[idea] Al Conan
Conan O'brian, hate him or not, he is
- Very rando quite often.
- Is some percentage "just a guy who makes silly faces".
- Has as his goal "making you laugh", which AI has been able to do very well also, literally from the very beginning.
- Would pick up on, somehow, the great appeal of the idea of being the first person in history to have an Evil AI Doppelgänger, certainly as a Harvard man.
and also has
- Thousands and thousands and thousands of hours of training data, along with possibly helpful contextual "metadata" ("is he speaking to a crowd now or to an individual?", "Is he the interviewer now or the interviewee"...) and possibly/probably transcripts off all of this. It may be possible for example to match a certain facial expression with a point in a sentence. Or as a reaction to a word.
Alll Kiinds of stuff for an AI to chew on.
The pieces:
- Video: We don't expect to create a physical Conan bot, but that's actually in our favor here. It would be unnerving for Joe Average to meet Conan in person, but a "scene" could be scripted where a known-fan is "Facetimed" out of the blue, as part of a bit. "Yes, this is really Conan." And this is probably the easiest part.

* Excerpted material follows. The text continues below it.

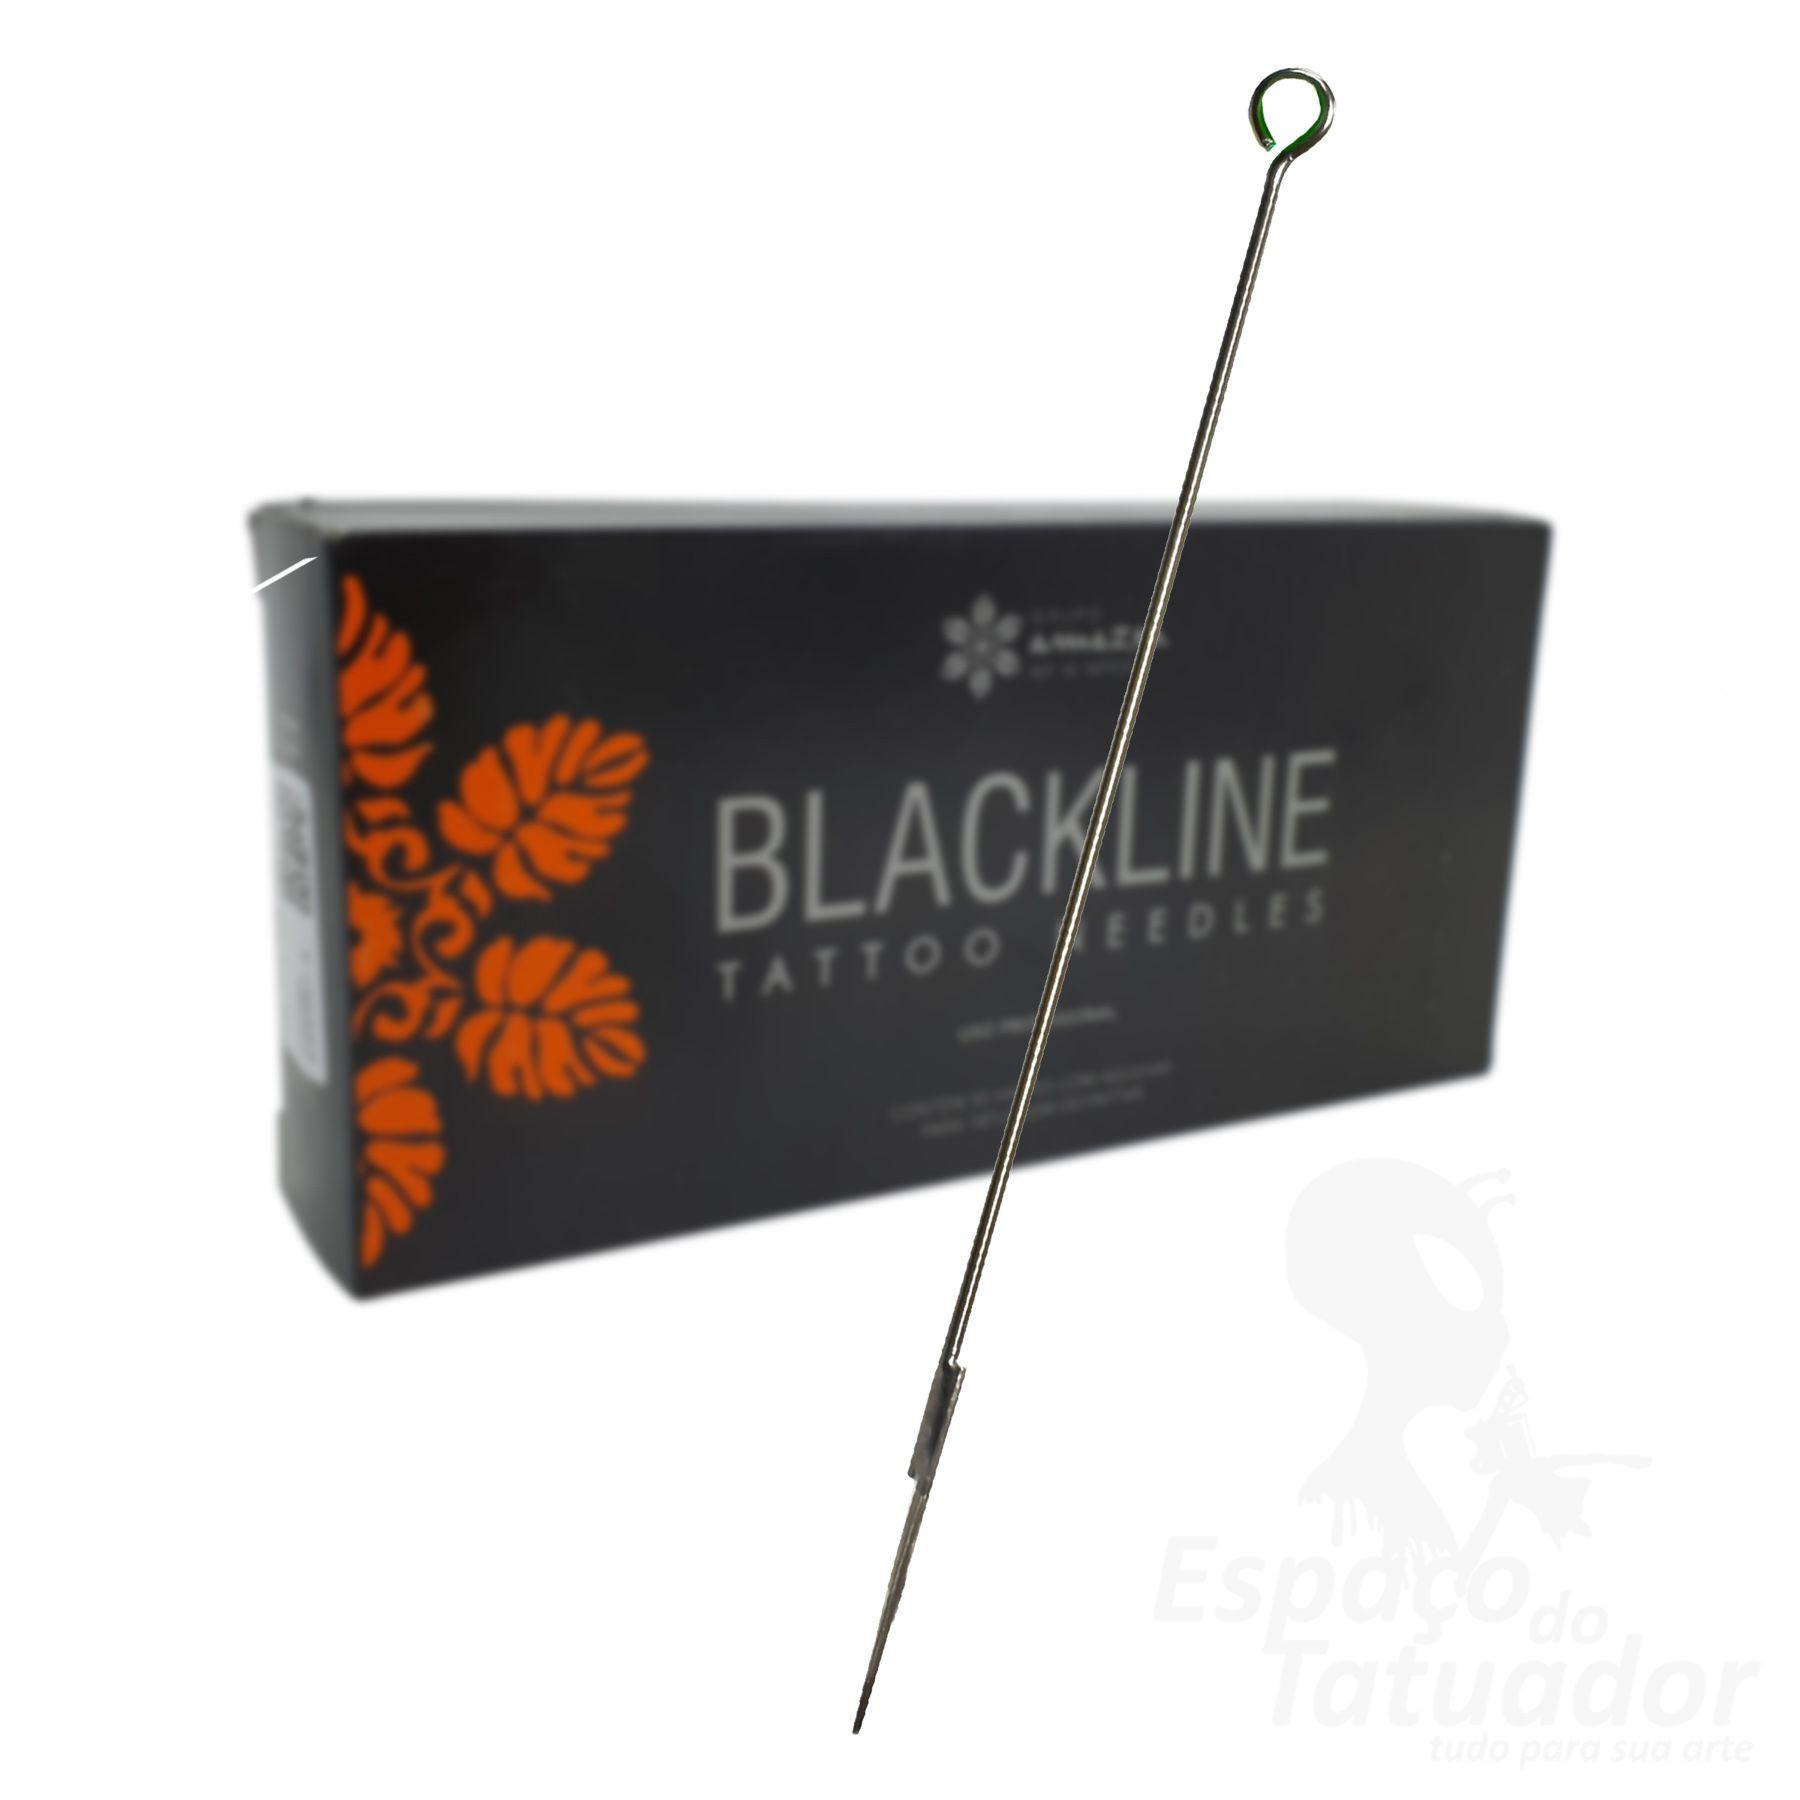 Agulha Black Line - RL 1204 - Unidade

- Audio: We probably should consider "A" and "V" to really be one thing: "AV" would be a good name. Trying to artificially synchronize generated audio and generated video that are output by different systems seems impossible. Let's just focus on: train Al on a bunch of AV, try and see what you can generate. If it's wacky and off-kilter, then so much the Conan.
- Dialog: It's _Di_alog, remember. We're creating a turing bot here. Did I not mention? This is hard but think of this strategy: Conan asks you a question (GTP3), you respond while he nods (may butt in, but the system will have to take some risks here. It would have to be a plausible interruption; not random.) and then (easier to detect) the system makes Conan go off in a diatribe that at least starts out as a reaction to your response (GPT3).
Open problems:
- How do you teach Al the difference between "a mannerism" and "crow's feet". Specifically, how do you take training data that's of the same person, but inevitably that person has aged over the decades. And so the AI needs to know what difference to attribute to age and what to expressions or mannerisms. It some how needs to know "this is the same person, but at a different age, depending on sample datetime. there's this thing called aging, see..." How can you capture that idea in an algorithm?
- He's probably scared.
Conan has an amazing schtick, but it's formulaic enough for Al to throw down a pretty good gauntlet.